I’m looking for an “introductory” textbook and workbook that (1) emphasize teaching flexible and broadly applicable rules/principals instead of memorizing a bunch of separate sentence patterns and (2) have lots of exercises requiring full sentence responses (at least hundreds). Most self-described introductory texts don’t.
As an example, for verb conjugations, this might mean giving a nod to the 5 different conjugations (imperfect / continuative / attributive / etc.) early on, even if it doesn’t cover some of them until later. It could also mean explaining what some books call “suffixes” or “forms” as helper verbs and how helper verbs themselves can be conjugated to yield chains of verbs. A good litmus test of whether the book is what I want would probably be: “does the book have exercises requiring me to write a sentence where I chain together 2+ helper verbs without having previously seen those two helper verbs being chained together?” (This is not a absolute requirement. However, it is a good illustrative example of the kind of approach I want.)

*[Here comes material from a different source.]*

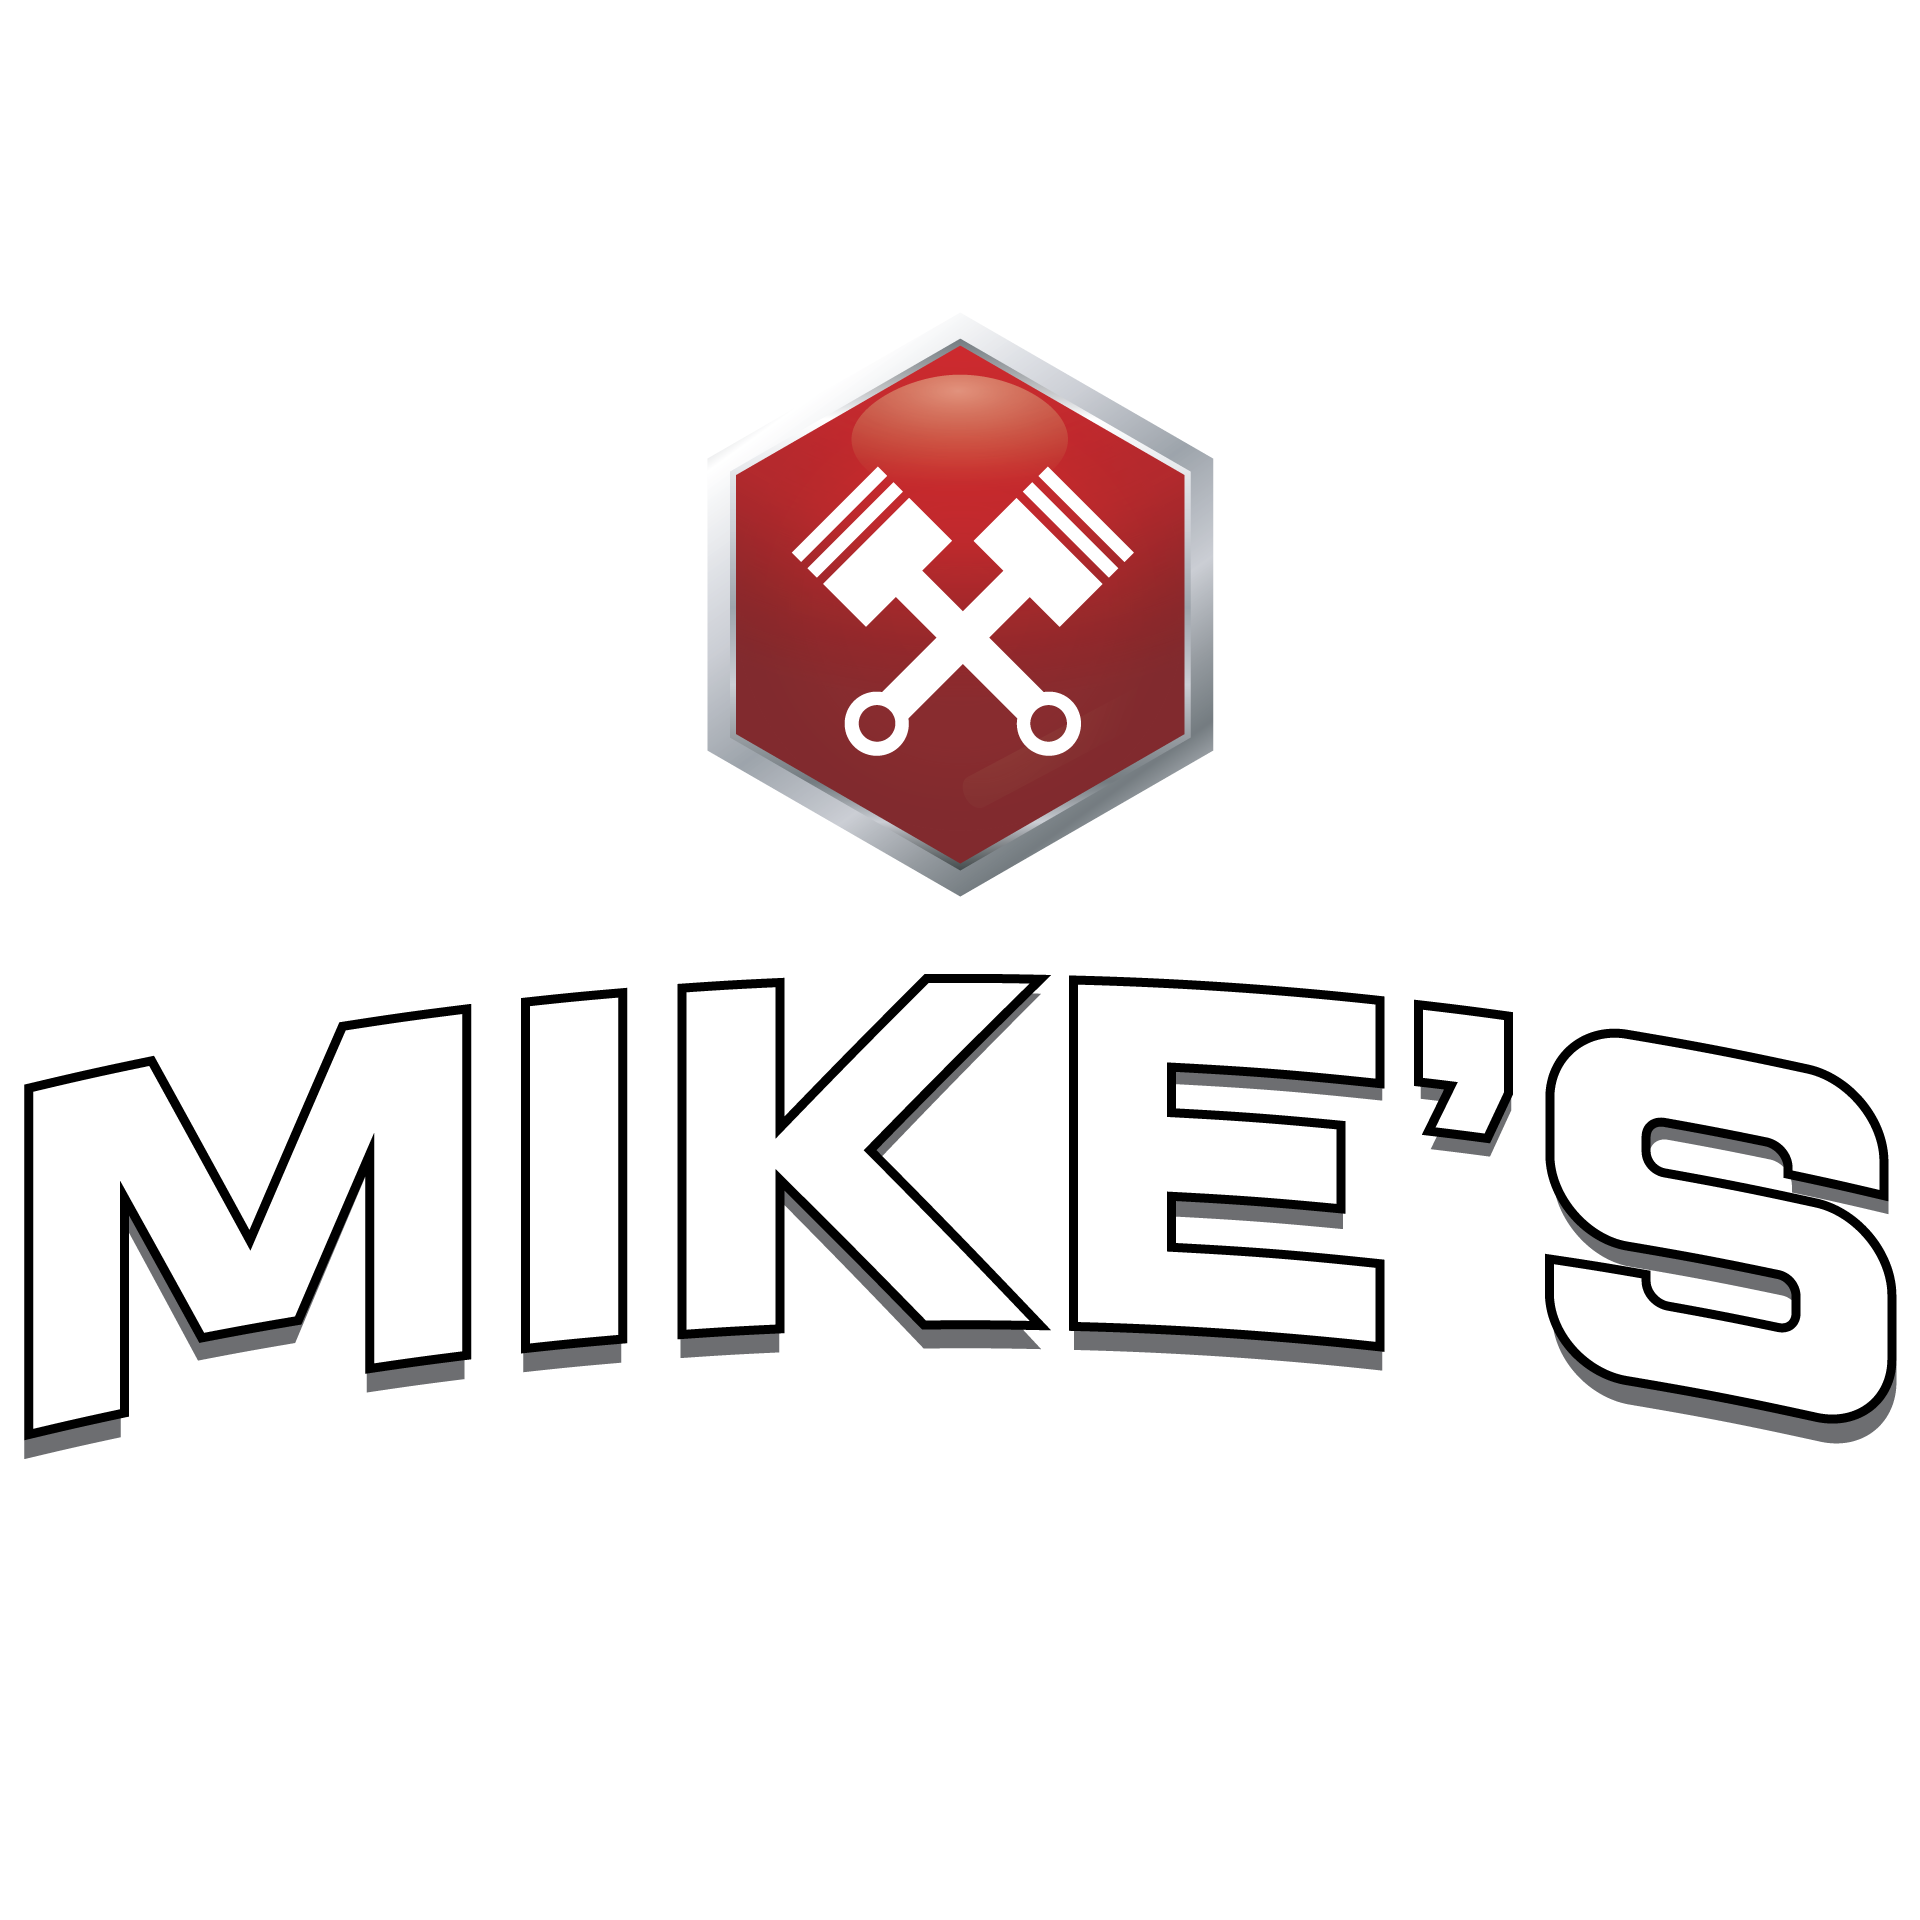 Mike's Mobile Automotive Logo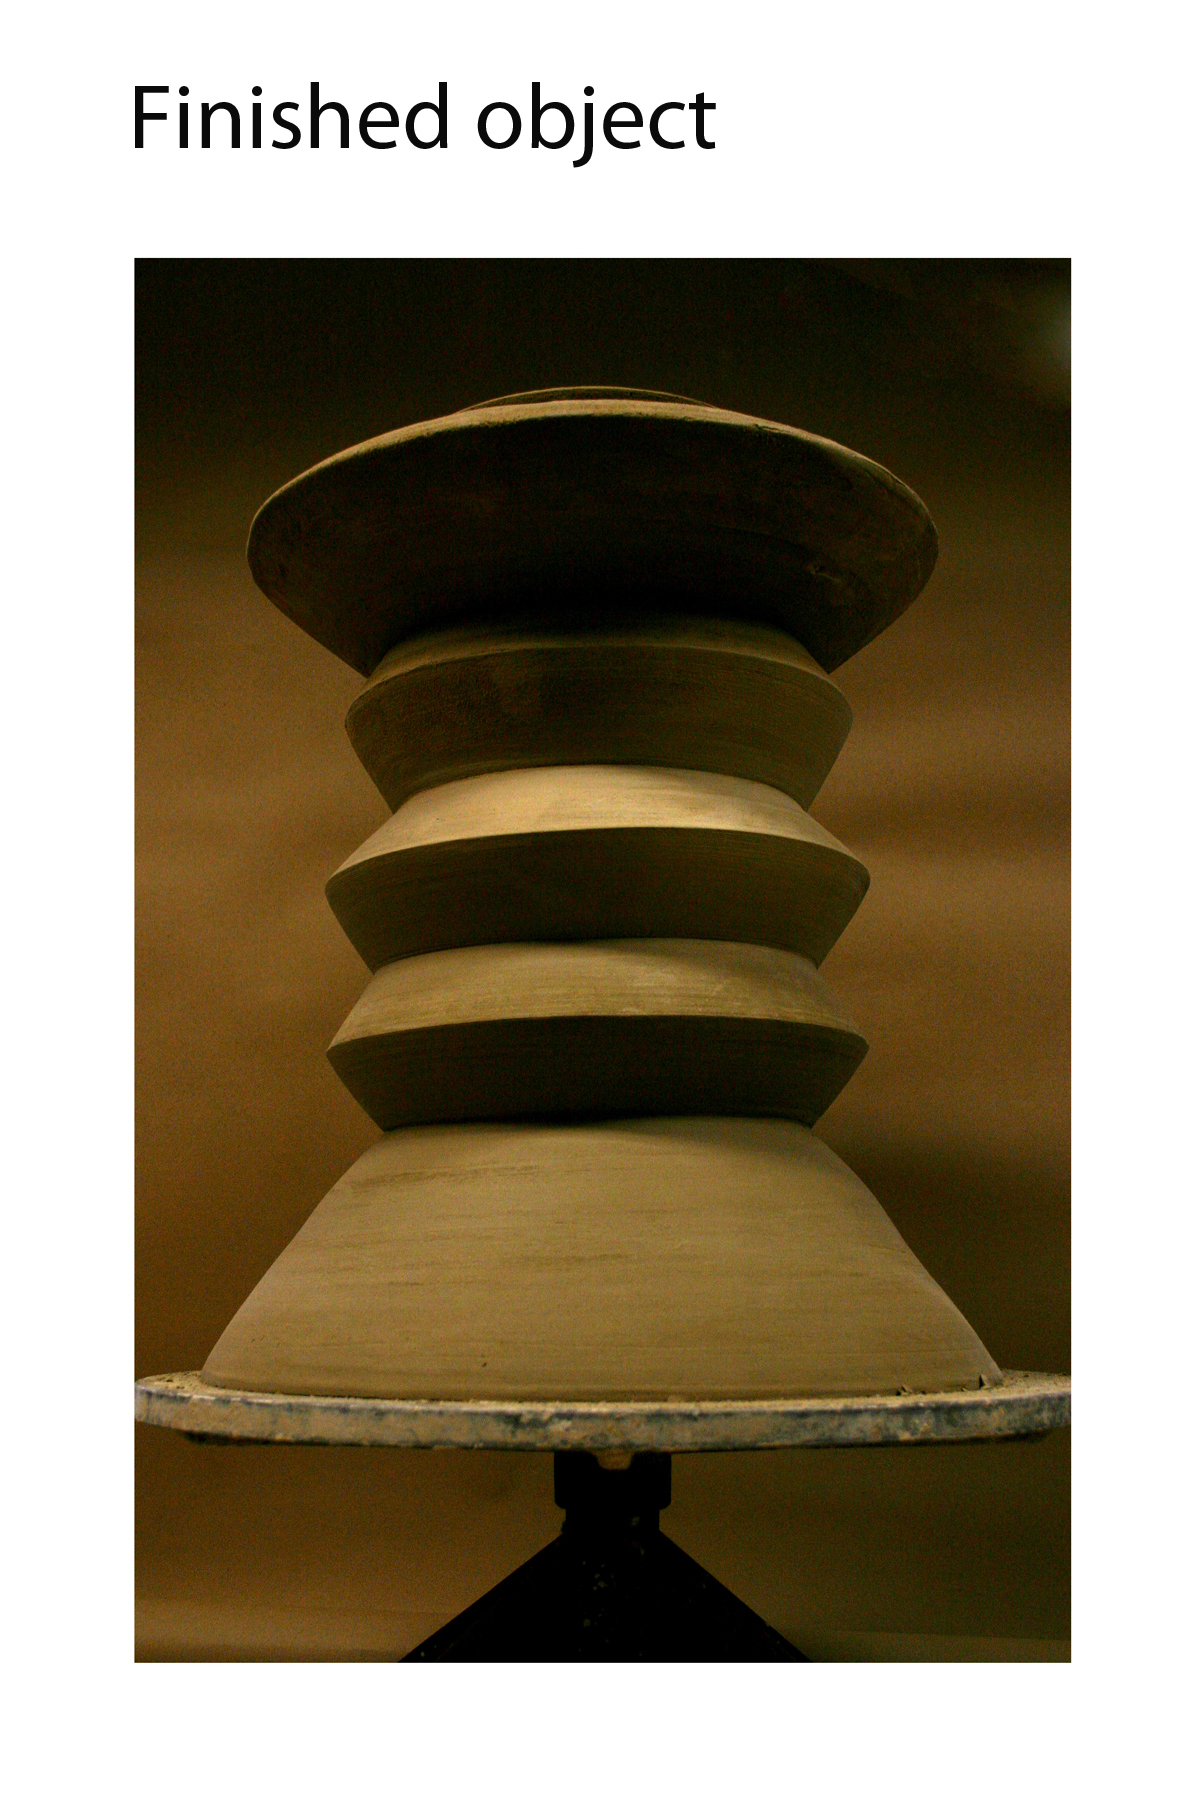 bird water garden ceramic design Pottery bowl dishes handmade

I know that there are reference-focused resources out there like Pomax that do teach it this way. However, I’m looking for more of a textbookーthat introduces things in a way where subsequent material builds on previous materialーwith lots of full-sentence production exercises.
That being said, a pure workbook with these kinds of exercises in an order that is compatible with a “teach general rules/principals, not patterns” learning order would probably be okay since I could use it with Pomax.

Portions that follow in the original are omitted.